- _WORK ITEM_
Word for word, set down the lines from the one that contains "Featured image for" through the final line of the data; no pictures belong in the copy.

- _RECORDED INFORMATION_

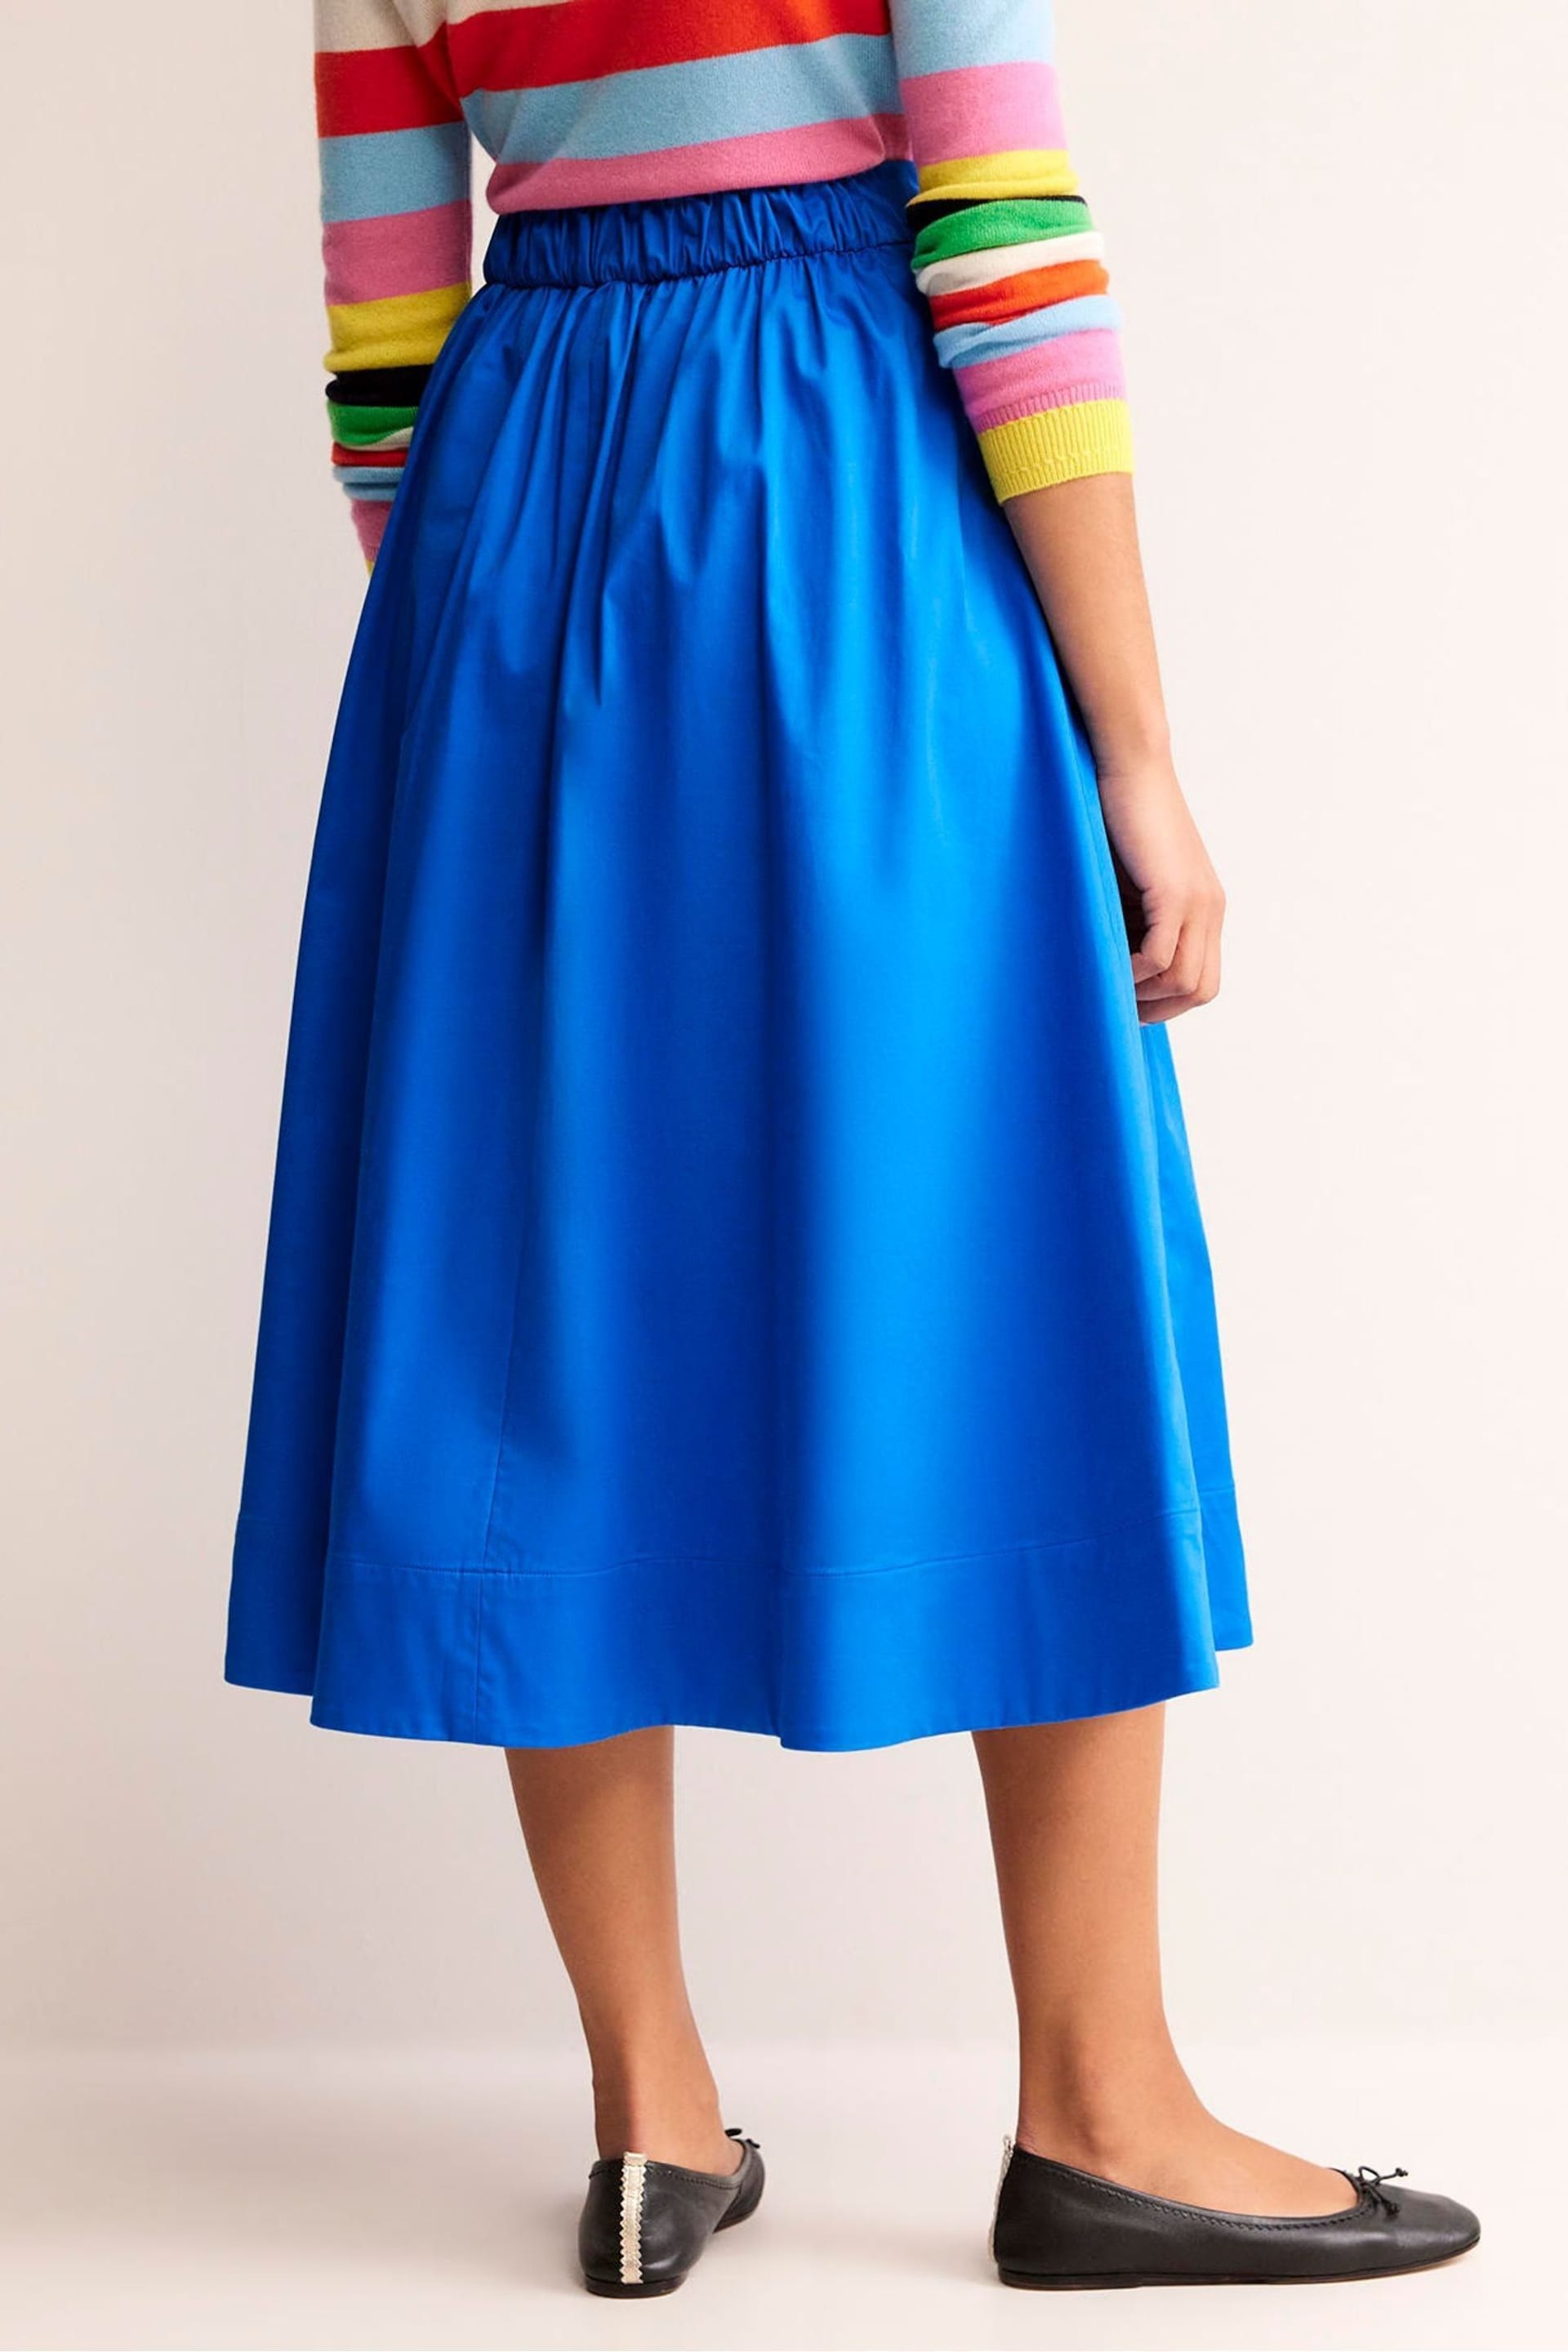 Boden Blue Petite Isabella Cotton Sateen Skirt - Image 2 of 5
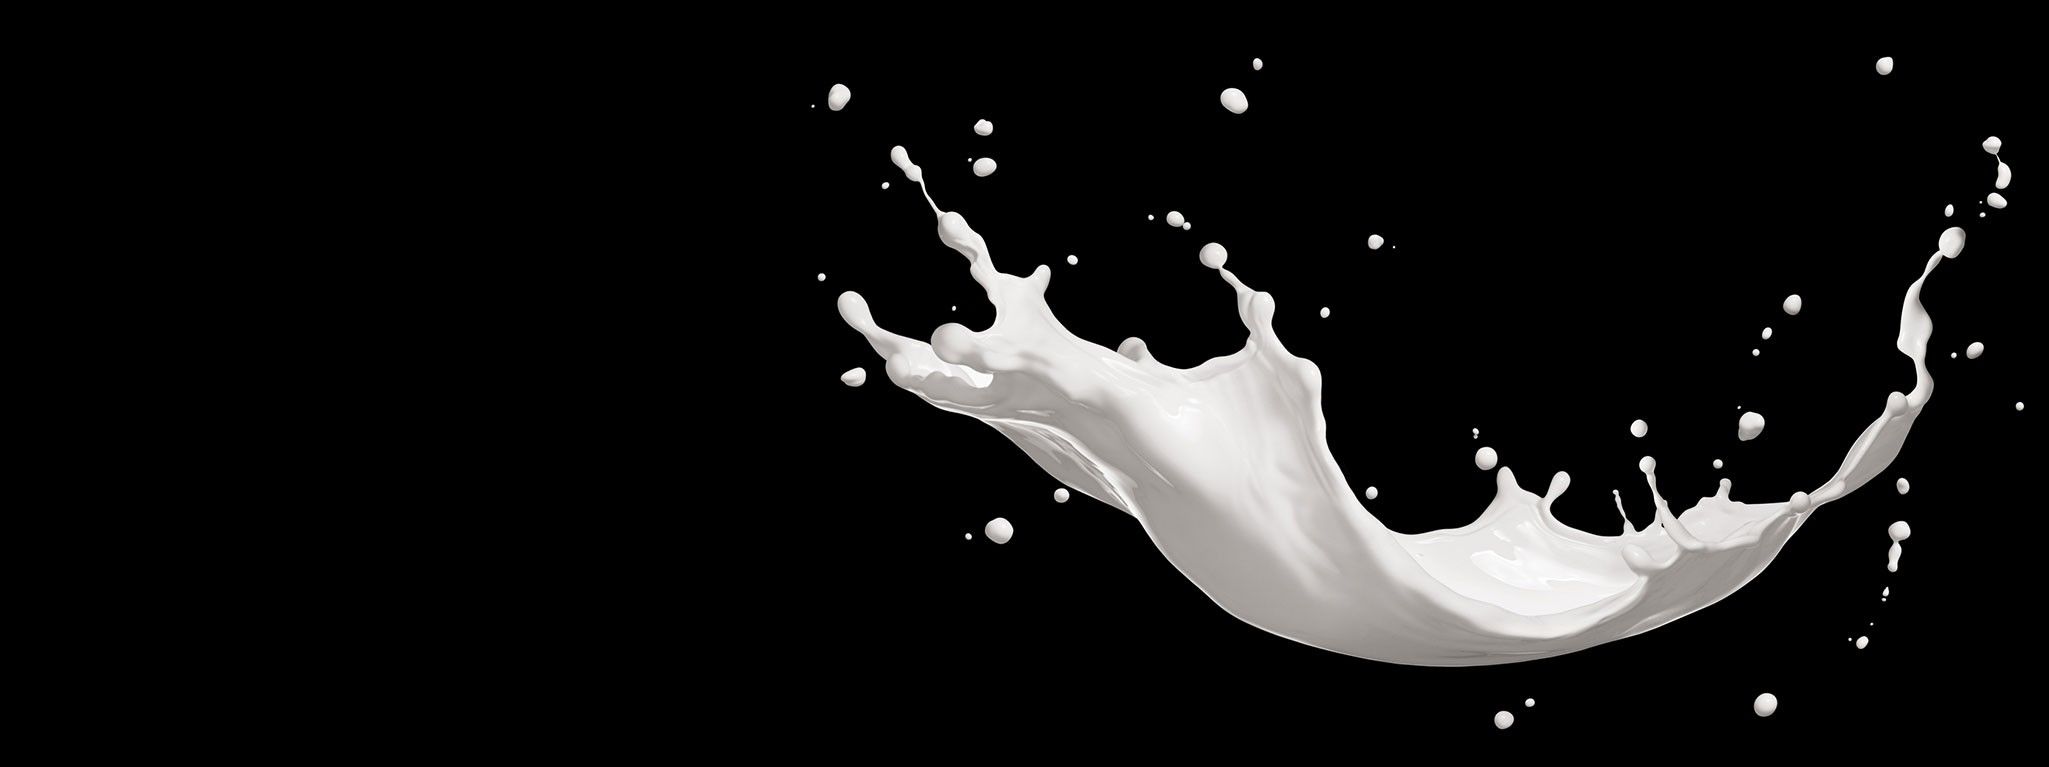 Featured image for Got Milk? Addressing Fragmentation in the TV Landscape
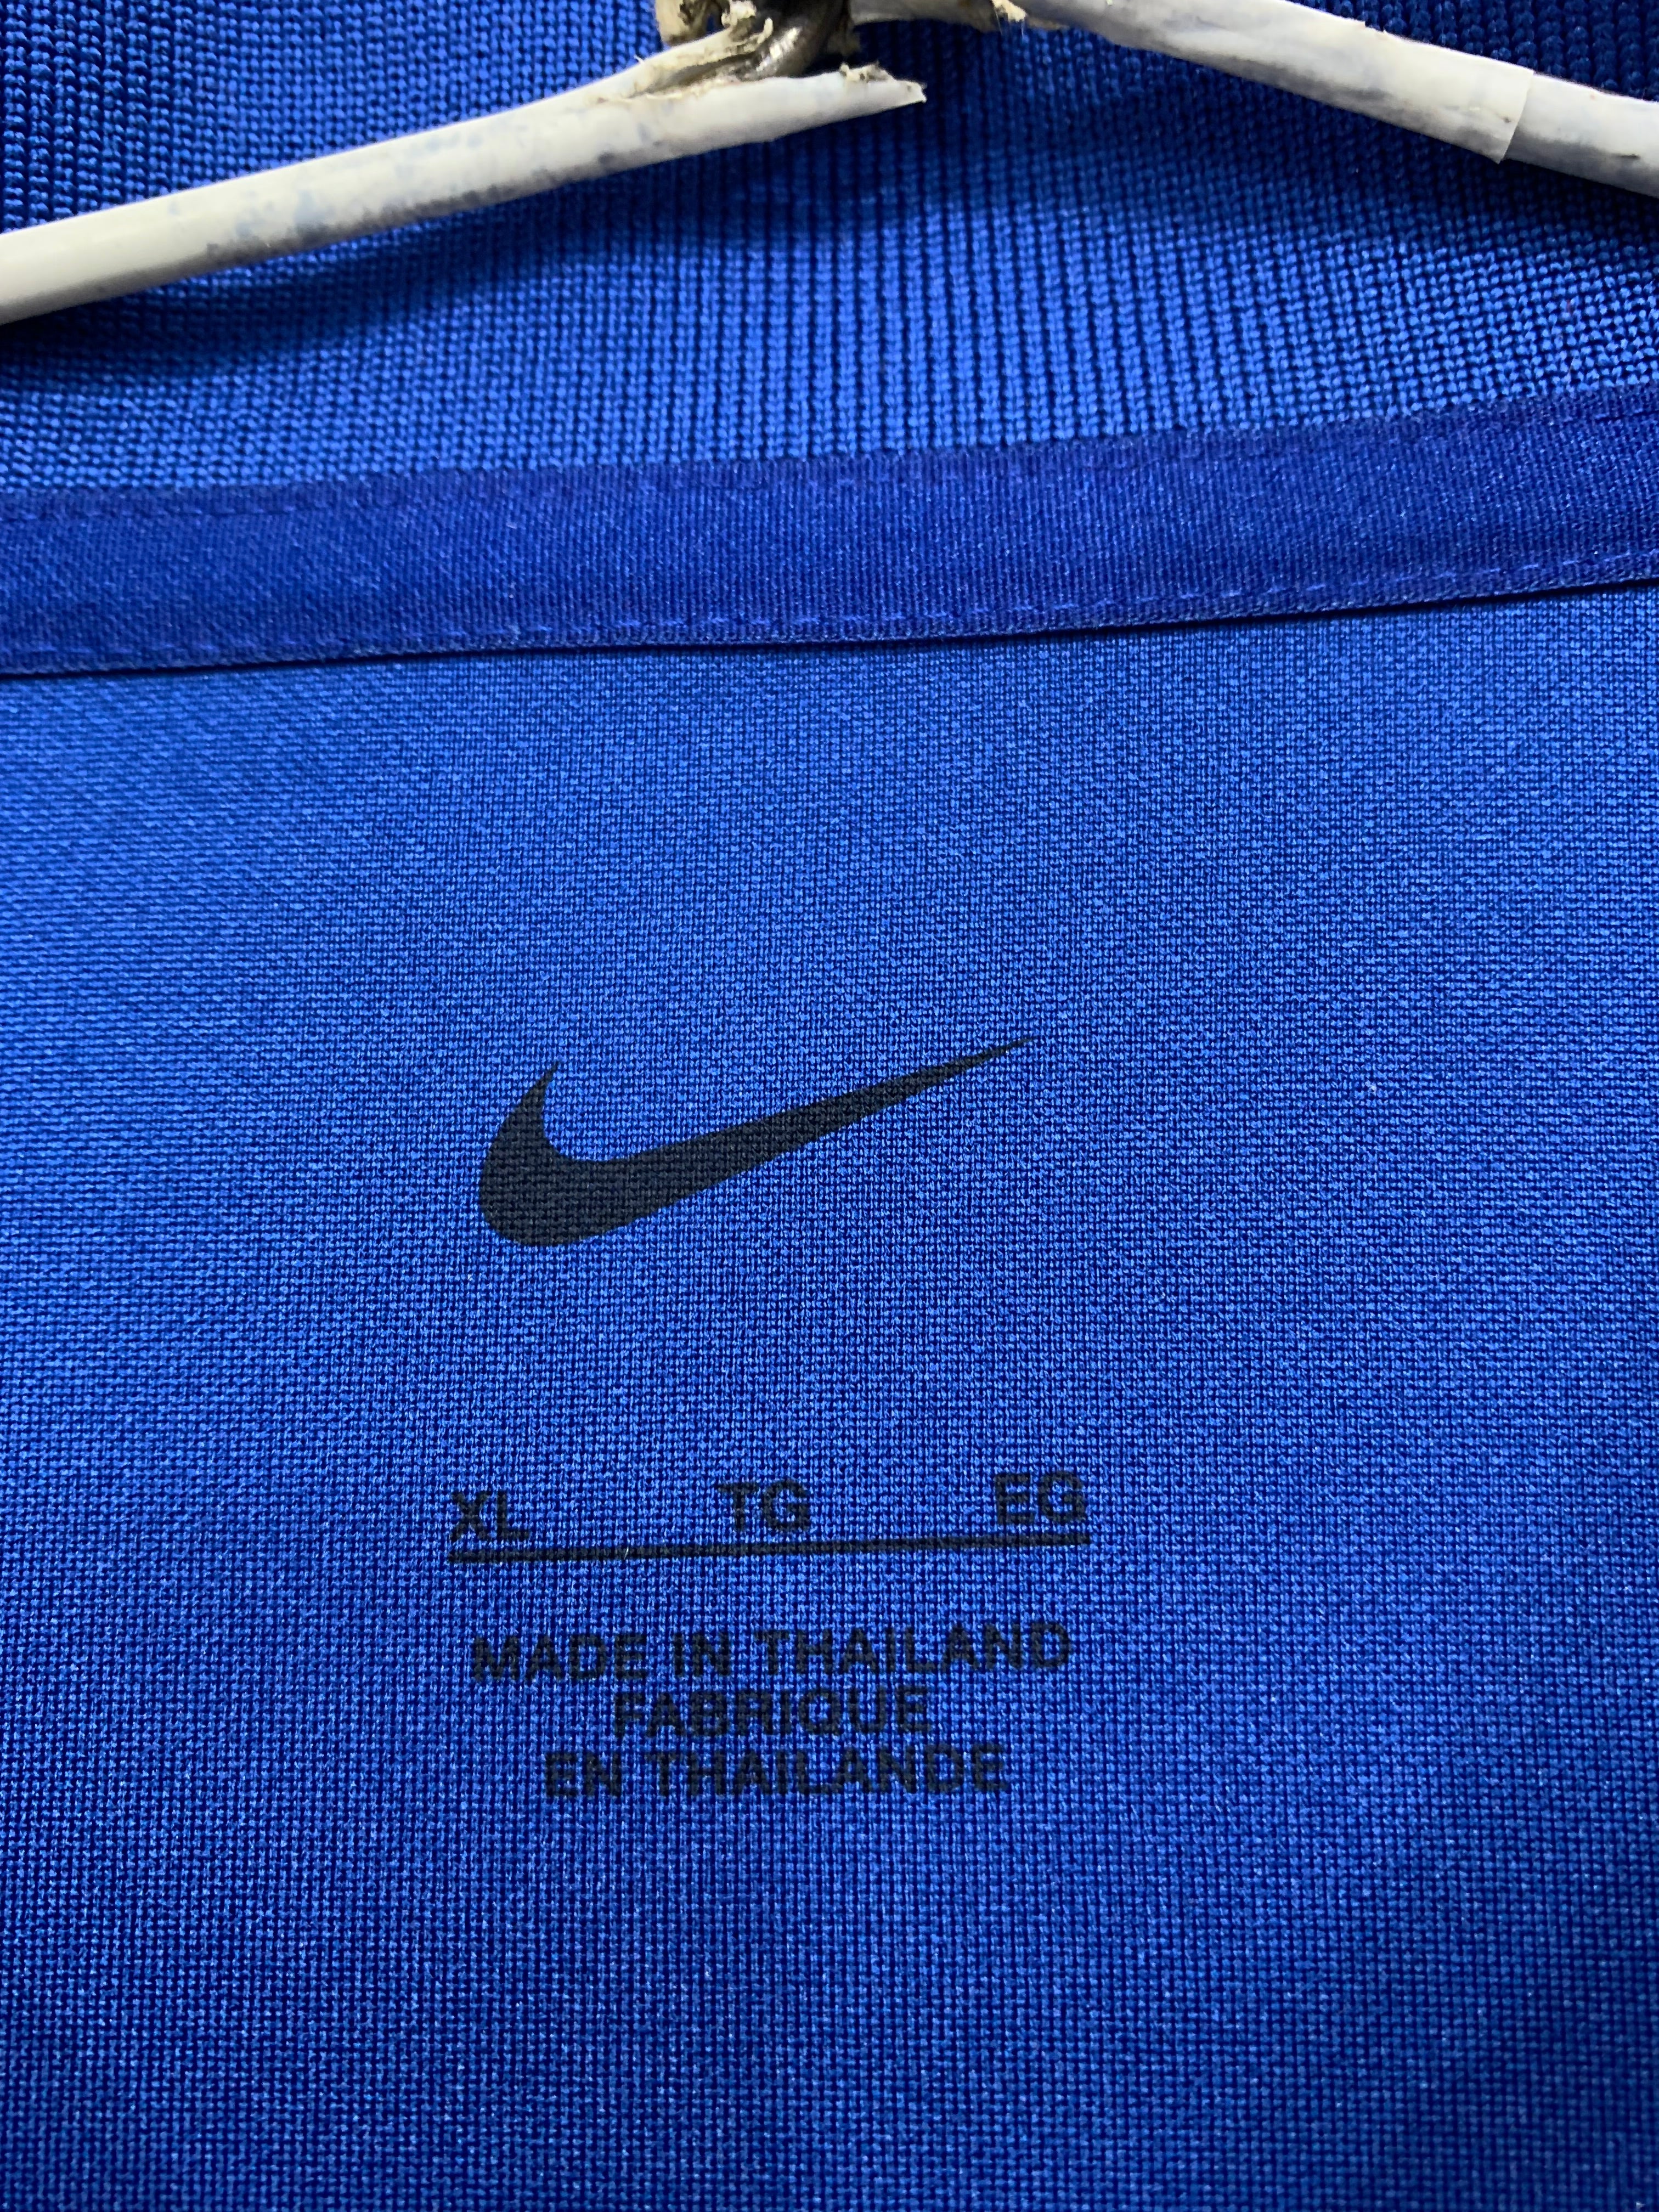 Nike Golf Branded Original For Sports  Polo Men T Shirt

- _RESPONSE AREA_
 Featured image for Got Milk? Addressing Fragmentation in the TV Landscape
 Nike Golf Branded Original For Sports  Polo Men T Shirt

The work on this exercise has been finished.